Hello, everyone! I am working with pseudo bulk RNA-seq data and facing challenges with designing an appropriate analysis approach due to confounded batch effects and unbalanced conditions. Here is a summary of my data.
challenges:
- The Diagnosis groups (e.g. healthy vs. cancer) do not overlap with the same batches, making it impossible to adjust for batch effects using the typical design matrix:
~ Diagnosis + Batch
. - I'm interested in comparing healthy vs. cancer samples while eliminating batch effects.
Questions:
Is there an alternative model or approach in tools like edgeR, limma-voom, or DESeq2 or any other that can handle confounded batch effects? (Currently I'm working with edgeR with passing Diagnosis as a single factor to the design matrix. But MDS plot separate clusters for dataset1, dataset2 and dataset3)

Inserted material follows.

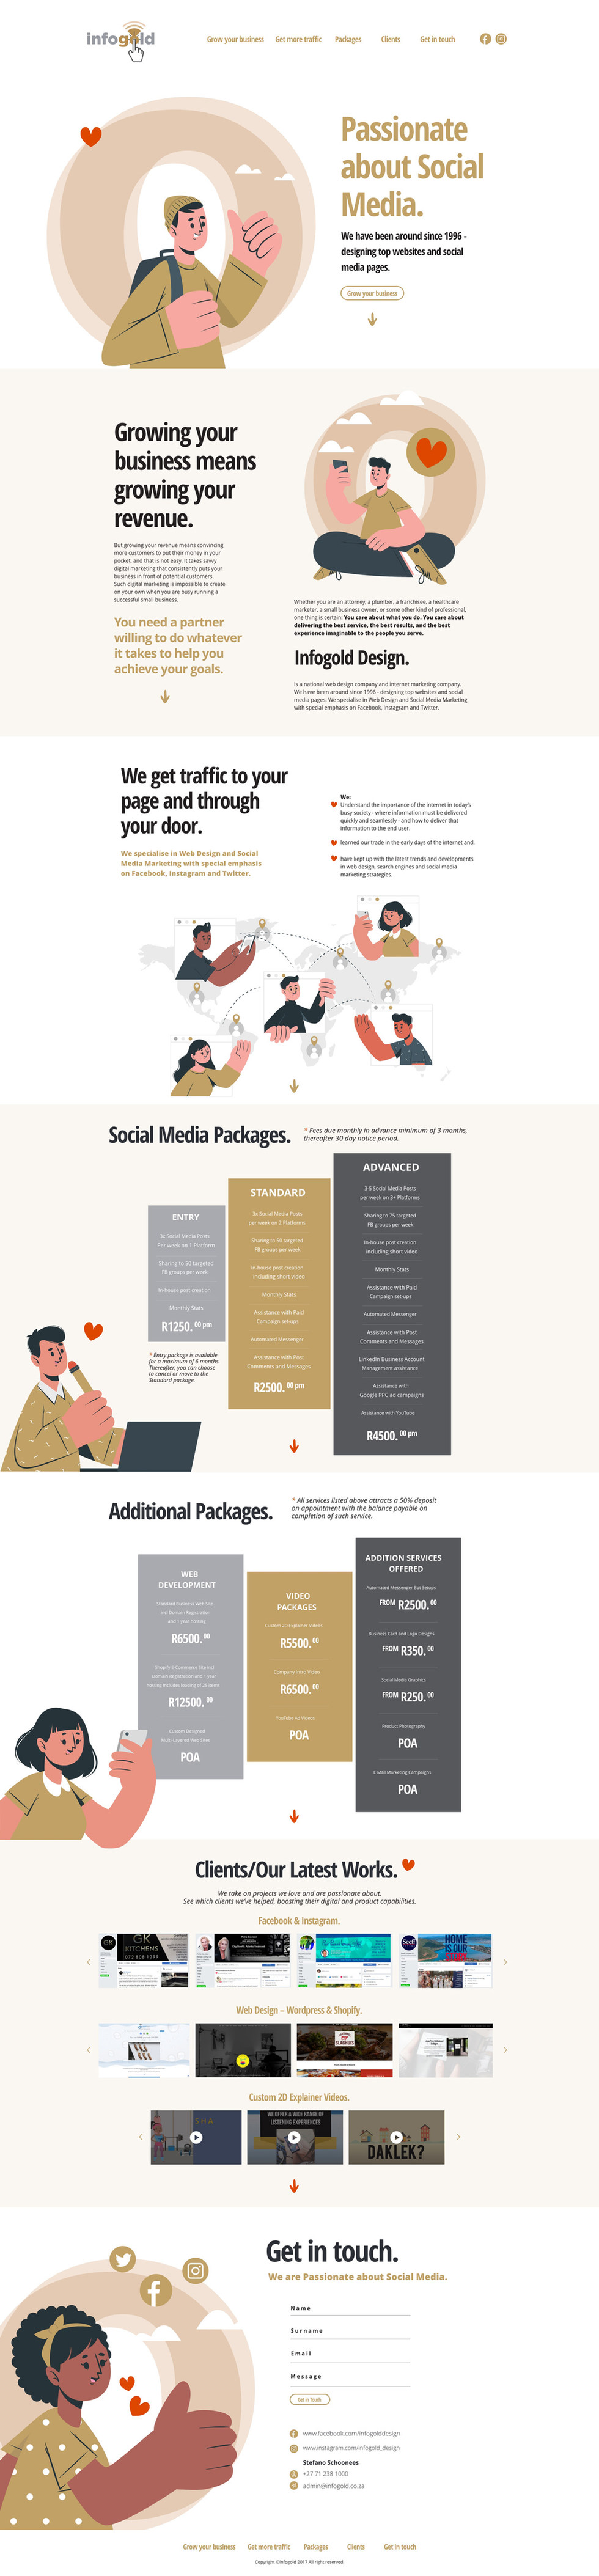 InfoGold-Single-Page-website.jpg

Would combining Diagnosis and Batch into a single group factor be advisable here?
Are there any tools that take preprocessed(batch-corrected data, i.e. I have )data in differential expression analysis? (I guess edgeR only works with raw counts)
Thank you in advance for the help.
Thank you for your reply. I currently have batch-corrected data processed with scvi-tools (specifically, totalvi) and have followed the same pipeline for analyzing reconstructed counts in edgeR as I did for raw data. However, I am observing differences in the TopTags output, particularly among the top 100 genes when ordered by p-value.
It also appears that edgeR might be designed primarily for discrete count data, which could pose challenges when using it with reconstructed data that might be more continuous in nature.